Amanda Montell’s treatise on the etymology of slut approaches where this reclamation process may have landed. She notes that slut first makes its appearance around the 1400s, meaning a lazy or “untidy person,” later gaining a gender slant courtesy of Shakespeare to imply a “loose woman.” Montell jumps ahead to the late-1990s, where she makes the notable omission of riot grrrl and credits academics and the book The Ethical Slut for beginning to turn the word around. Kathleen Hanna’s iconic 1992 photo with slut scrawled across her stomach, and legions of teen fans doing the same at shows, were heavily covered in mainstream press—emblematic of a national zine and music focused movement of young third-wave feminists wrestling with the language and institutions used to define them. Having skipped that beat, Montell does mention SlutWalk participants writing slut on themselves twenty years later.

We jump again to 2022, when a teen actor tweets, with no context, simply “slut era,” and the word catches fire for a new generation. (A generation, incidentally, that the press breathlessly announces is having far less sex than its predecessors. Archives of Sexual Behavior notes that 15 percent of Gen Zers ages 20–24 report having no sex since age 18, versus only 6 percent of Gen Xers at the same age. A 2021 UCLA study found that 38 percent of 18–30 year olds had no sex the prior year, up from 22 percent in 2011.) With the lightning speed of social media’s hive-mind wit, “slut era” is immediately meme-ified, and within six months its usage in tweets evolves from denoting hedonism to the ironic opposite: “In my slut era (eating 3 meals a day, only crying once a week, remembering to take my SSRIs)”; “‘slut era’ i say as i rot and decay in my bedroom and watch the years pass me by.” Montell cites a Rolling Stone piece on the new “slut era”: “We declare ourselves sluts in a flatly ironic way . . . in the same breath admitting we can’t (or won’t) be putting in the work, which is too tiring and tedious.”

Who could blame Gen Z? In the face of rising fascism, a trashed economy, and impending climate change, is a decadent exhaustion the new sluttery? How will modern scrutiny of language and fetish for interpersonal safety metabolize the reality of existential threats? I’m brought back to Bush-in-Iraq-era 2003, watching my friend Jerry grinding on stage naked except for hot pink hot pants with the words “SHOCK” and “AWE” emblazoned across the cheeks.

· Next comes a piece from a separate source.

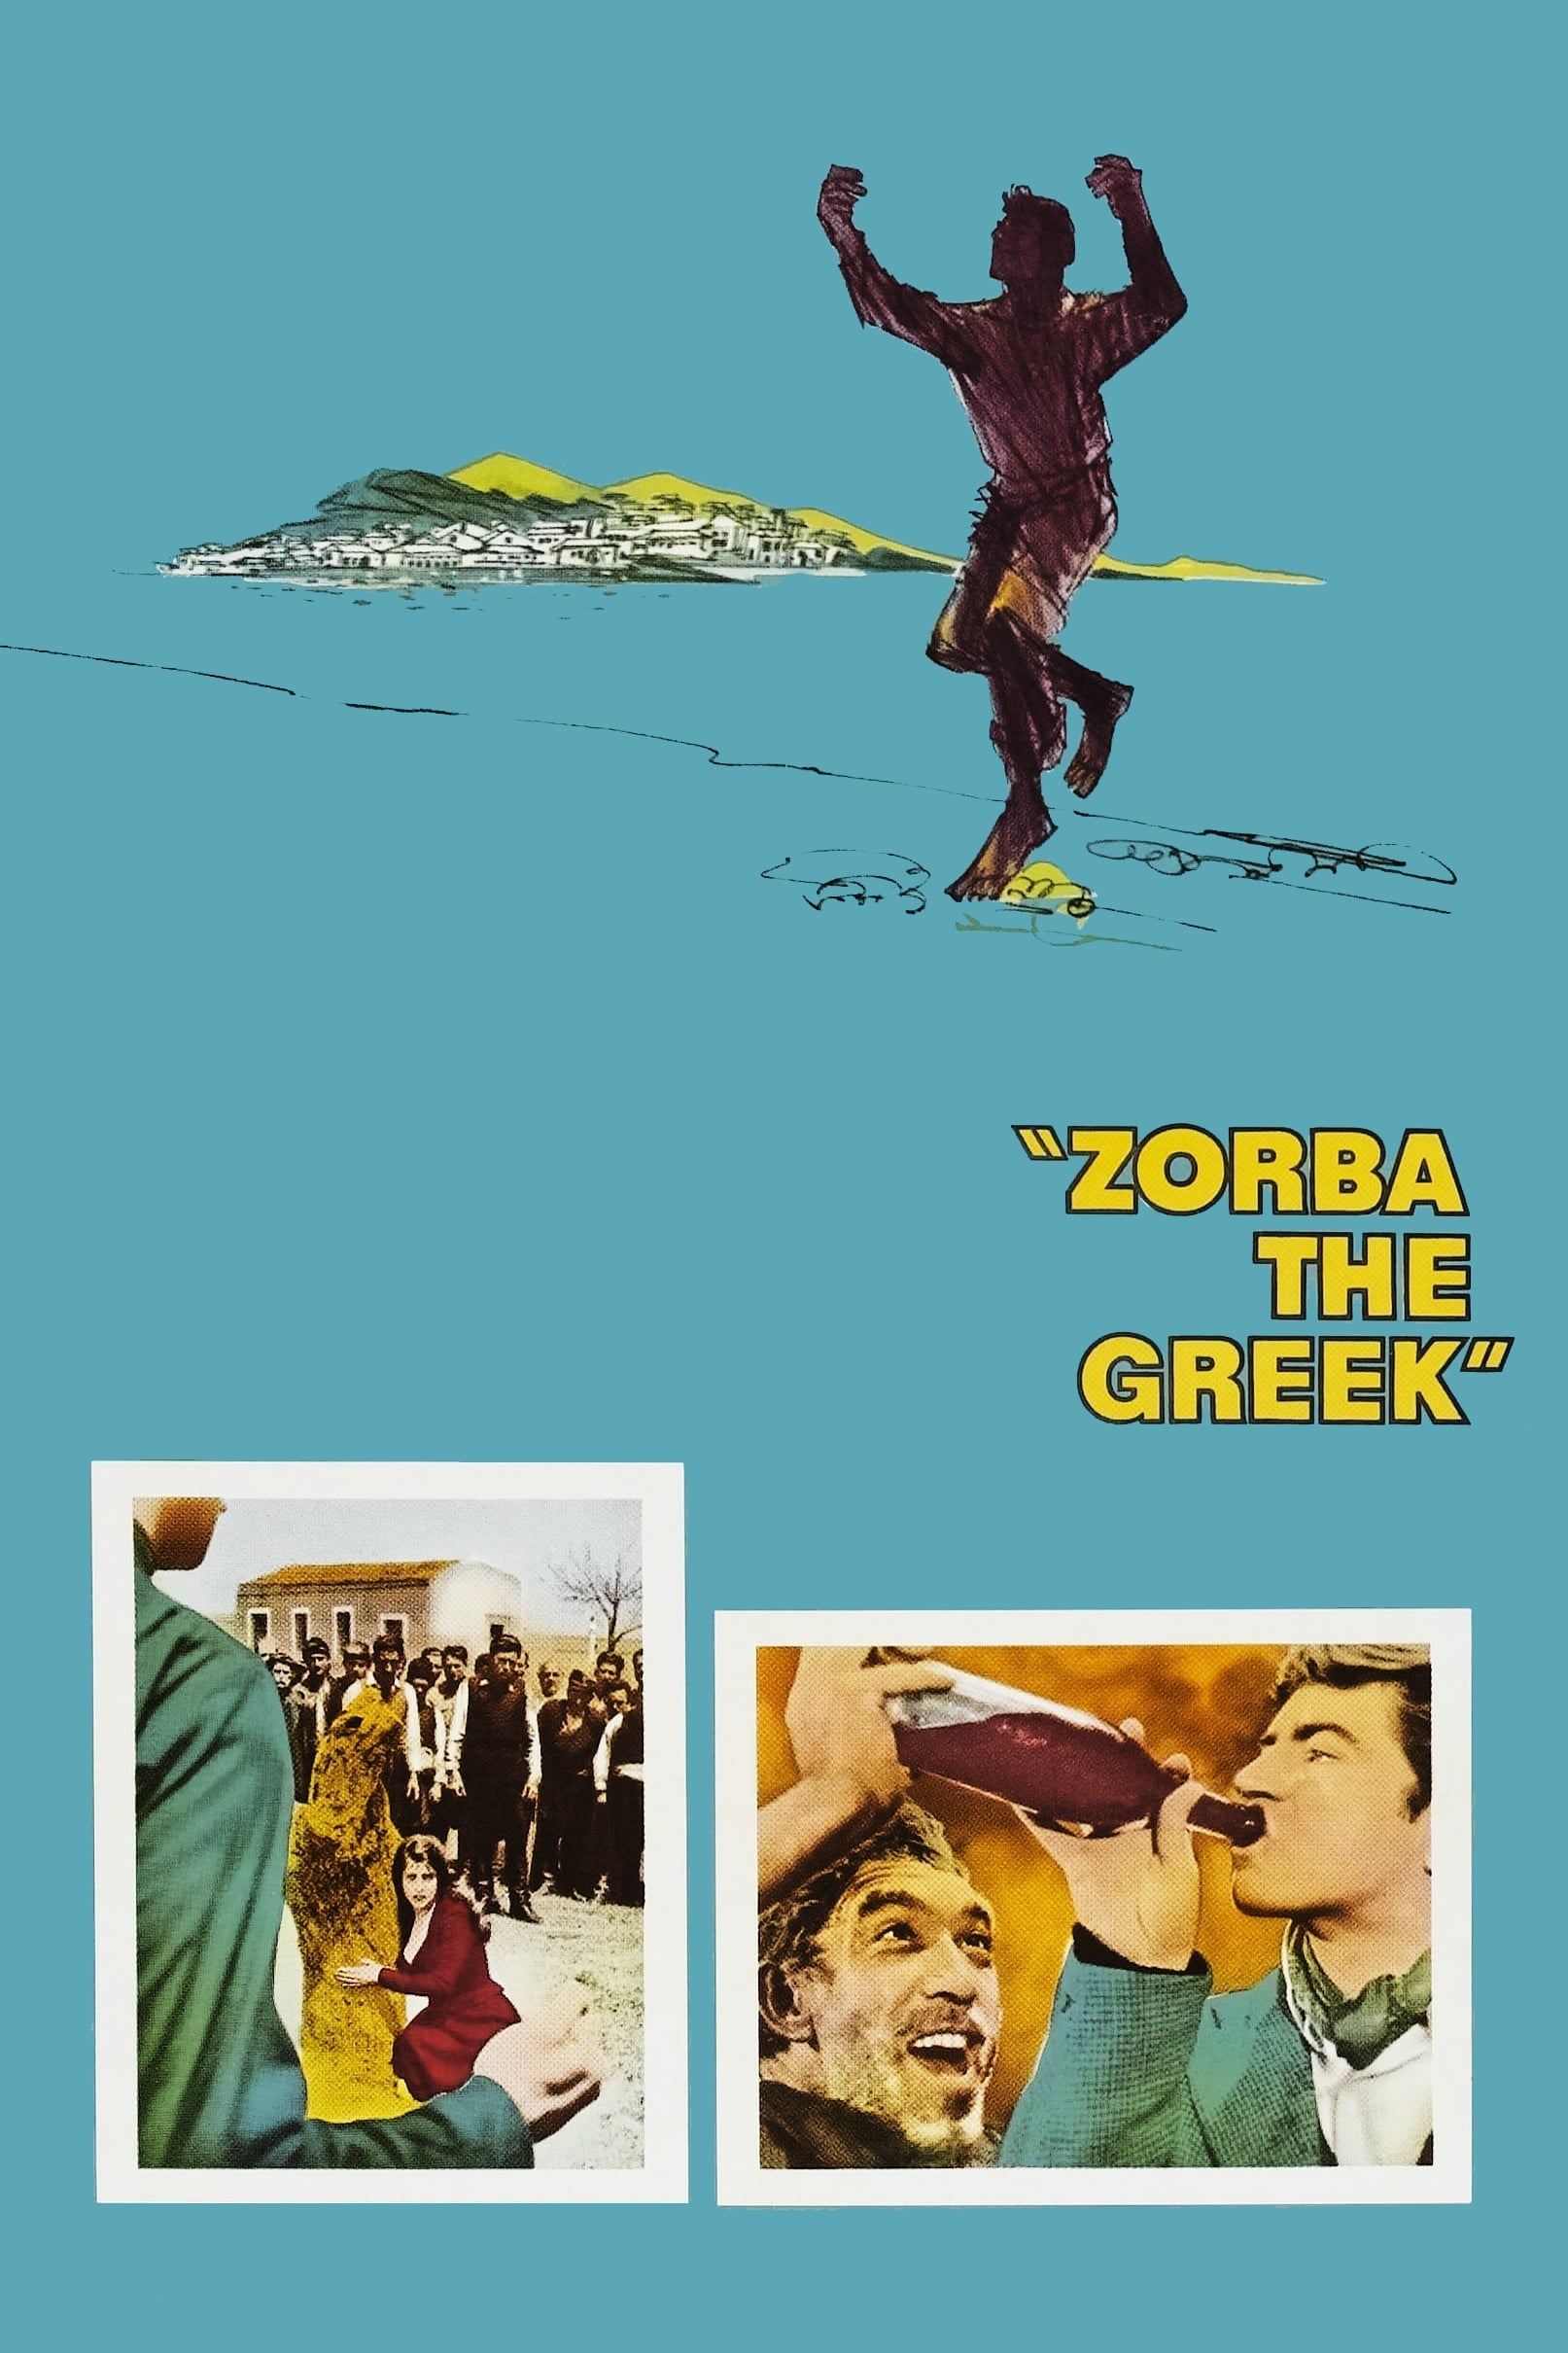 Zorba el griego (1964)

I’m hopeful we’ll find our way back to fun?

SLUTS is a big, loud, and fascinating conversation you’re having with yourself and your 350 pages of new friends. You’ll come away with a whole slew of exciting ideas you can wrangle with while folding your laundry, instead of listening to Crime Junkie or Unreliable Narrator Murder on the Infidelity Express. Michelle Tea helming a press is truly a no-brainer and I can’t wait for Dopamine’s next release.

Title taken from the essay “The Tyranny of Structurelessness” by Tom Cole.